It’s at times like this that I feel small. Not necessarily unloved or lonely, but
just small. Because out of all the people I would recognize as I walk across
campus, how many will miss me? How many
will even notice I’m gone?
It’s a bittersweet thought that my place in the hearts of
the people I’m leaving here probably won’t last too long or bleed too
profusely. They’ll probably be patched
up by someone new, someone who’s around to listen and to laugh and to cry,
while I’m off doing something utterly terrifying in a faraway land.
And it fills me to the brim with excitement and contentment,
because this is where I’m meant to be, right now, when my life was stagnant and
uninteresting.
But still it’s sad to think that place I have in at least a
handful of hearts is going to be taken up by someone else.
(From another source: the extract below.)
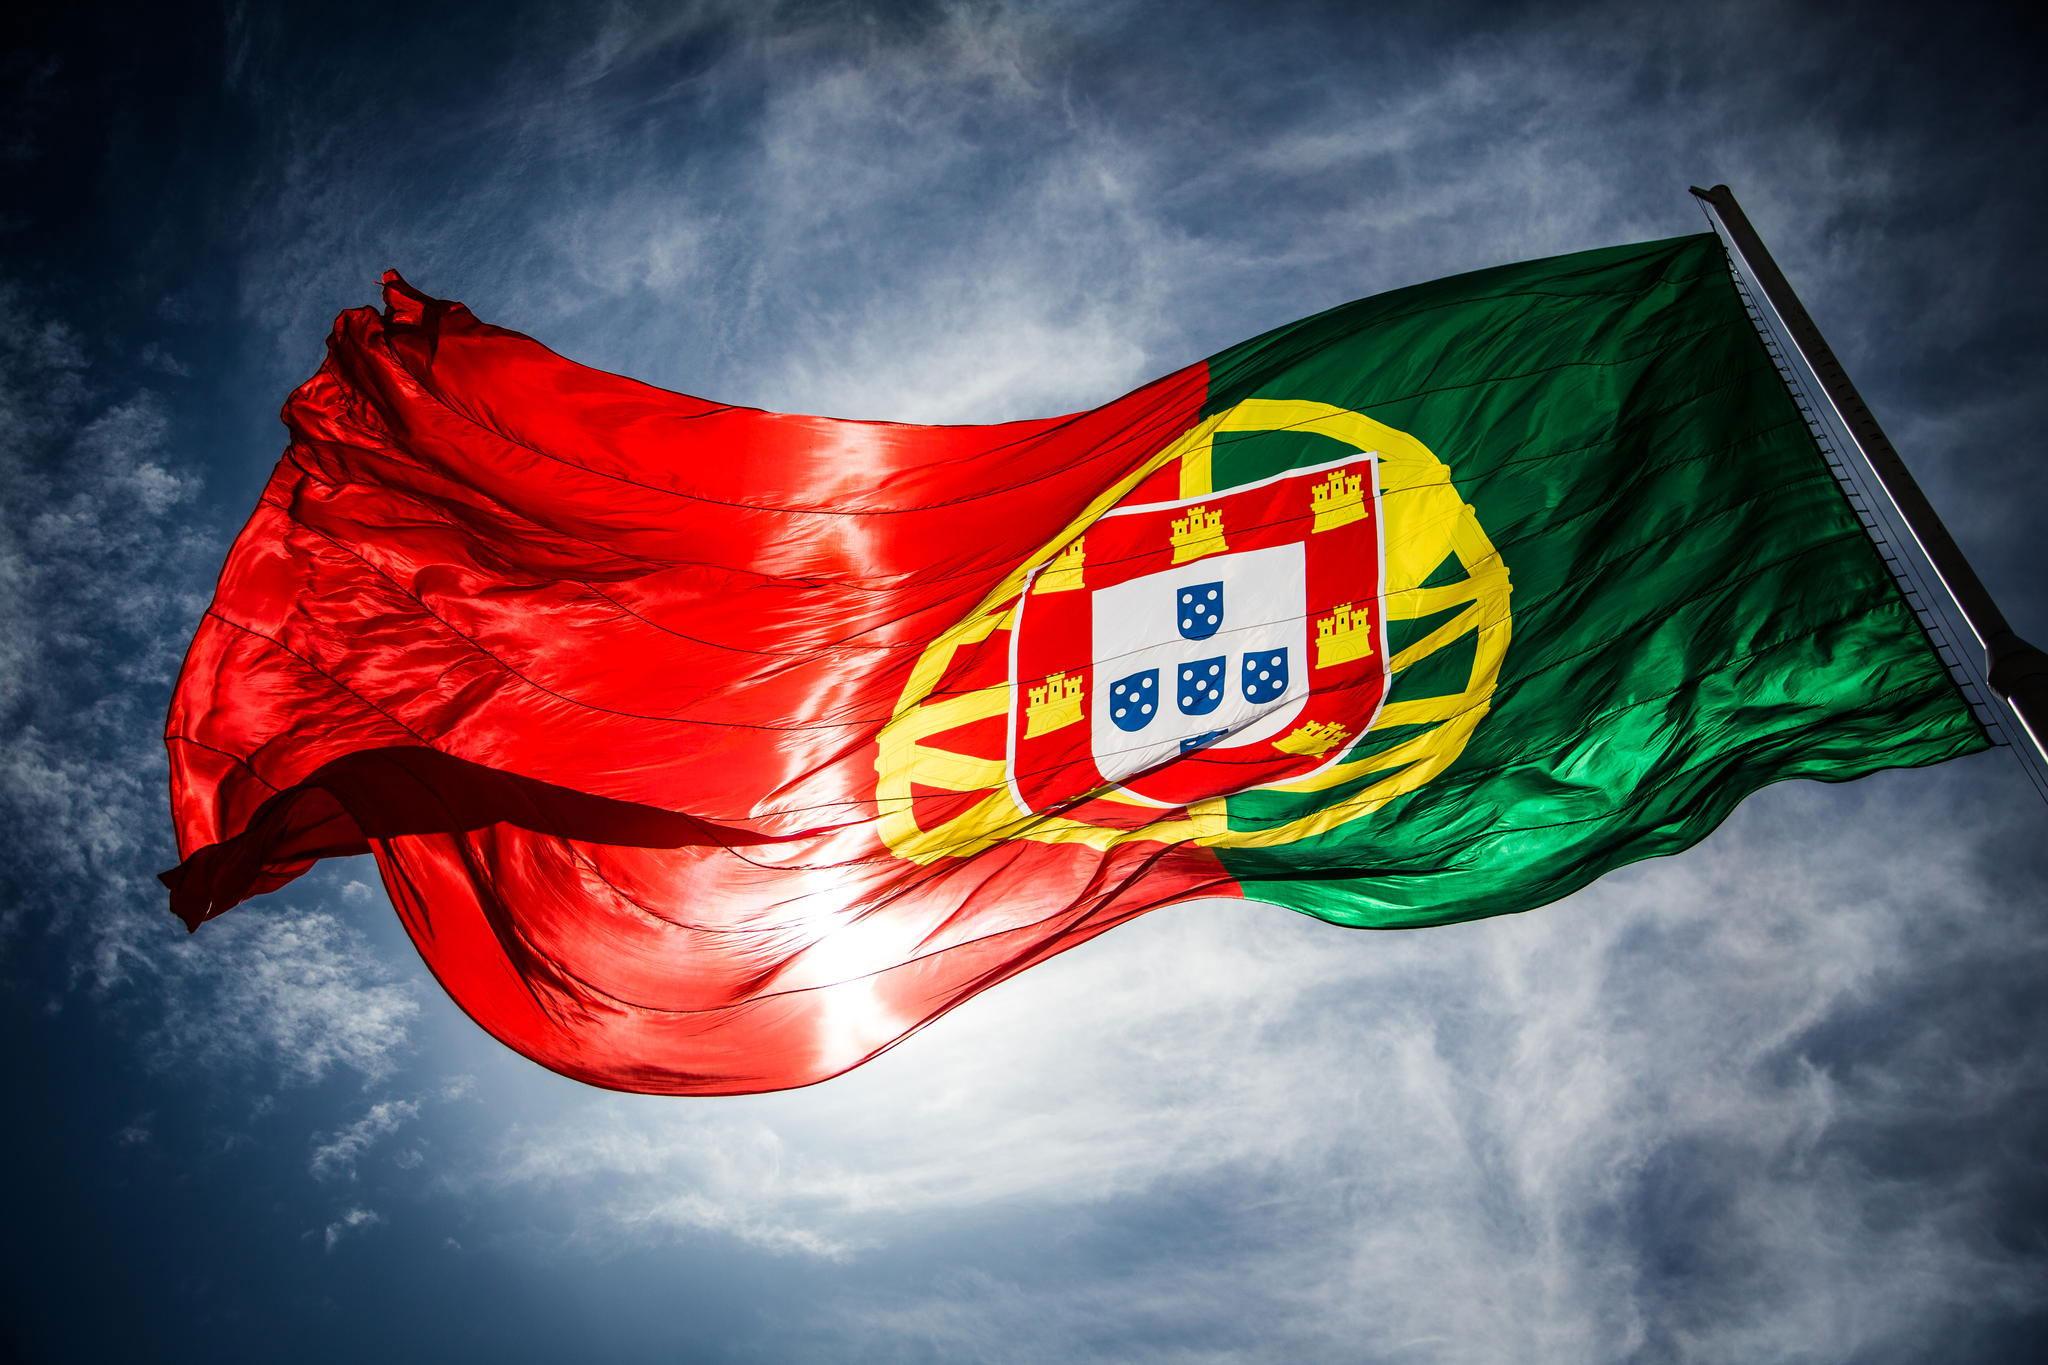 گلدن ویزای پرتغال 2020 پرچم پرتغال

I like to think that my departure is going to
be something like a non-competitive enzyme inhibitor; my leaving will change
the shape of the place I took in your heart, and no one else can fit back in
exactly the same way I did.
It’s good, I think, that those empty spots don’t stay empty.
That’s how humans are—we can’t leave
gaping holes or even little chinks missing from our hearts without finding
something to patch them with.
I want to tell you, anyone who’s really going to miss me
(and you know who you are) that I want you to be the happiest person you can be
for the next two years. Take
chances. Do scary things. Laugh a lot.
Smile even more. Cry. Never lose hope. Never feel like you have nothing to hold on
to. Remember that your Heavenly Father knows you. He knows exactly
where you should be and who you should be with and what you should be
doing. Grow as much as you can in as
many ways as you can.
Wow, this really feels like a huge dramatic final
goodbye. I didn’t mean for that to
happen.
I’ll still talk to you until March, guys. And then you can
write me letters! We won’t be completely out of touch.
But I know when I do get back, I’m going to be
different. First off, I’m going to have
a hard time remembering how to English, and I’m probably going to have a weird
lilting lisp. (According to my roommate’s
boyfriend, I’m going to sound like a gay man.) I’m going to think Europe is the best place in
the world (even more so than I do right now.)
I will be one of those
obnoxious RM’s who starts every sentence with “When I was on my mission…”
Chances are I will have shed more tears on the terrain of
Spain (see what I did there?) than I have in even the lovely Utah Valley, and I
will have felt more love from my Heavenly Father than I’ve even known was
possible. I will have known the
bitterest disappointment and the most poignant success. I’ll come back in tears because I just wanted to stay longer.
I’m going to have an immense
love for people none of you have ever met.
I’m going to know beyond anything I can comprehend right now that this
blessed gospel is true. I will have seen it change lives, and I will
have been utterly changed by it myself.
I hope you will be too, my dear friends who will be here in
Provo, or in Brazil or Pennsylvania or California or Portugal or Russia or
Jamaica or wherever you may be going. I
hope you find the courage to let the gospel change your heart, your life, yourself,
because I’ve felt the process start, and I know it can’t go wrong.